5 Feb 2013

Chancellor puts British banks on notice

2:53 pm on 5 February 2013

British banks are on notice from Chancellor George Osborne who warns they will be broken up if they fail to protect their day-to-day banking from risky investment activities.

Mr Osborne bowed to political pressure to come down harder on reckless lenders, accepting recommendations from two inquiries in the past two years to ring-fence bank's core retail operations.

European countries are changing their financial systems to prevent a repeat of the 2008 financial crash, trying to strike a balance between popular calls for banks to be reined in and warnings that too tight a leash will choke off recovery.

Mr Osborne says taxpayers are angry at banks' behaviour and will never again be expected to bail them out.

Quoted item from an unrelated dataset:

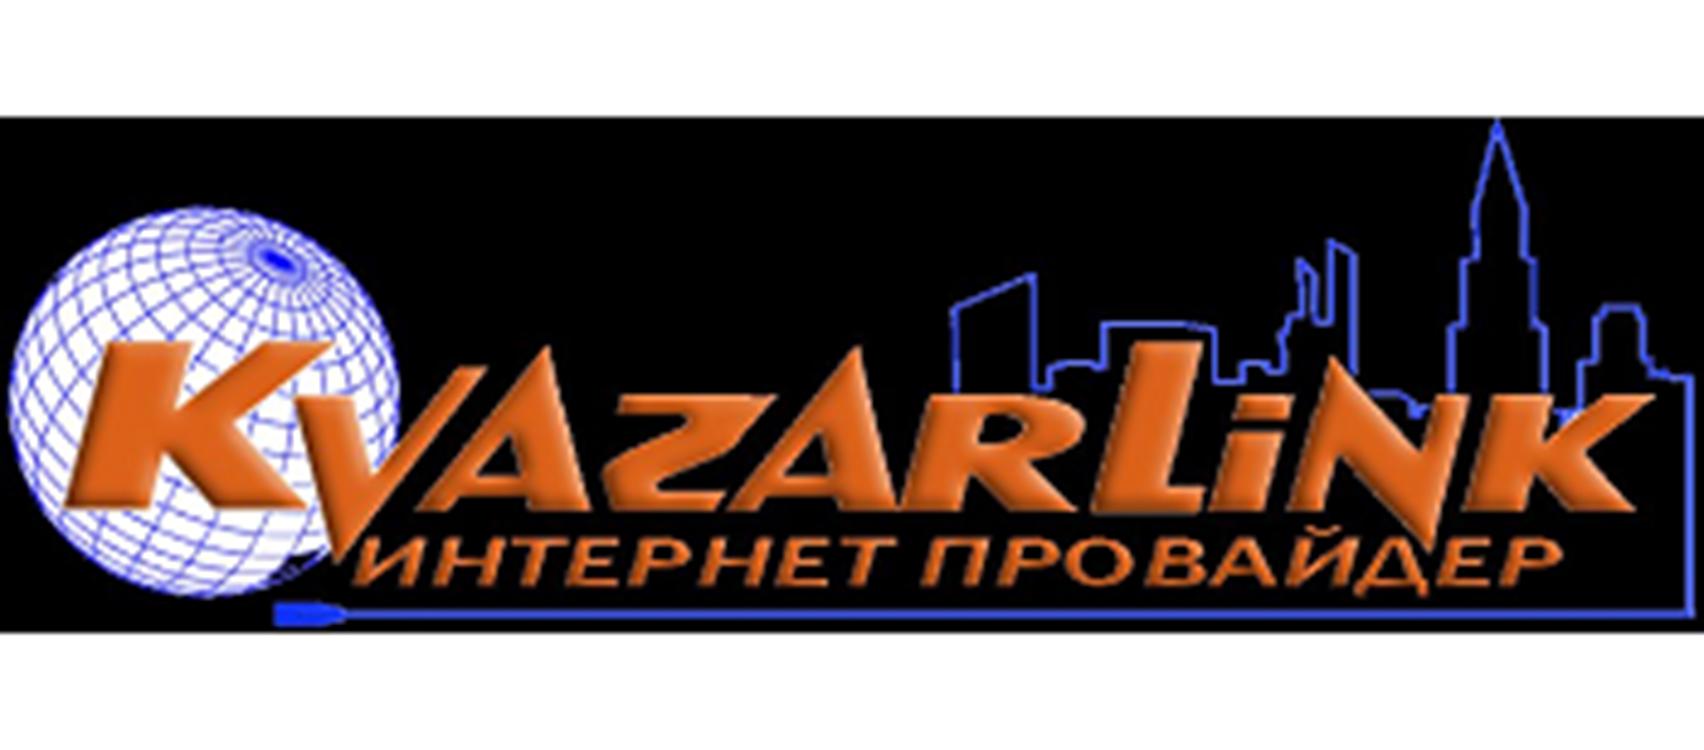 КВАЗАР-ЛІНК (Мелитополь)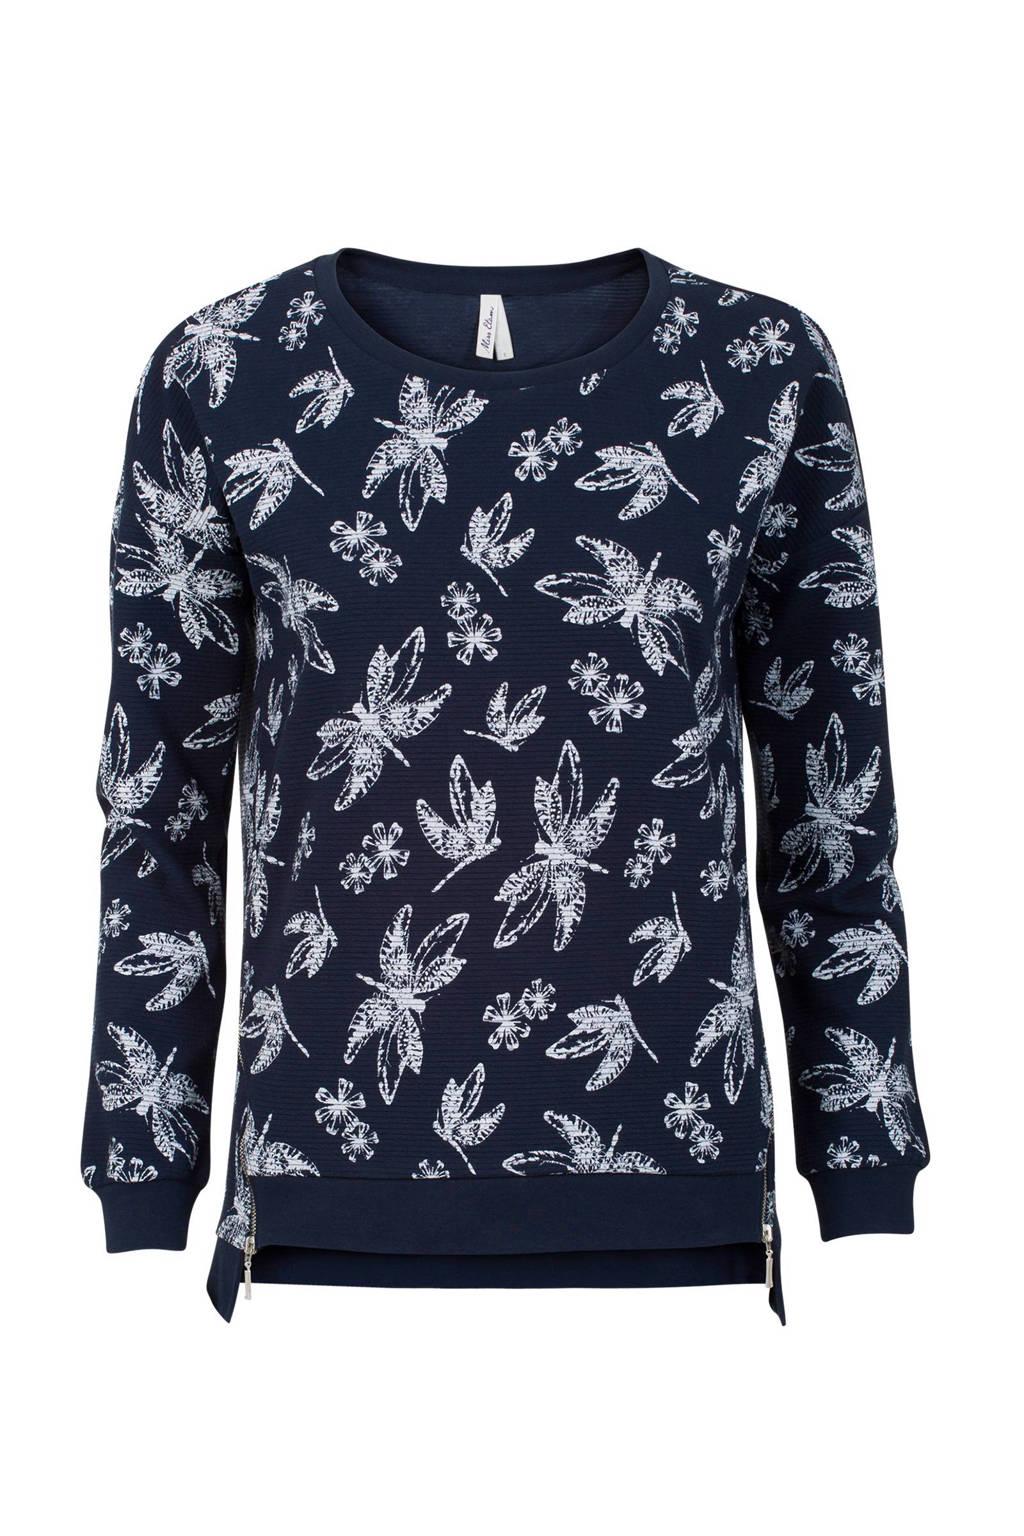 Miss Etam Regulier sweater, Donkerblauw

His speech on Monday comes on the same day the government introduces its Banking Reform Bill in Parliament, including allowing customers to switch bank accounts to a rival within a week.

London's reforms go further than France and Germany, which, like the United States, are only demanding that banks separate out their proprietary trading, where they invest the banks' own funds, from the rest of their businesses.

However, the German government is considering a new law that would see executives jailed for up to five years if they are found guilty of reckless behaviour that jeopardises their bank.

But bankers are dismayed by the lack of an international agreement around new banking rules.

Britain's banks have warned it will put them at a disadvantage against their continental rivals.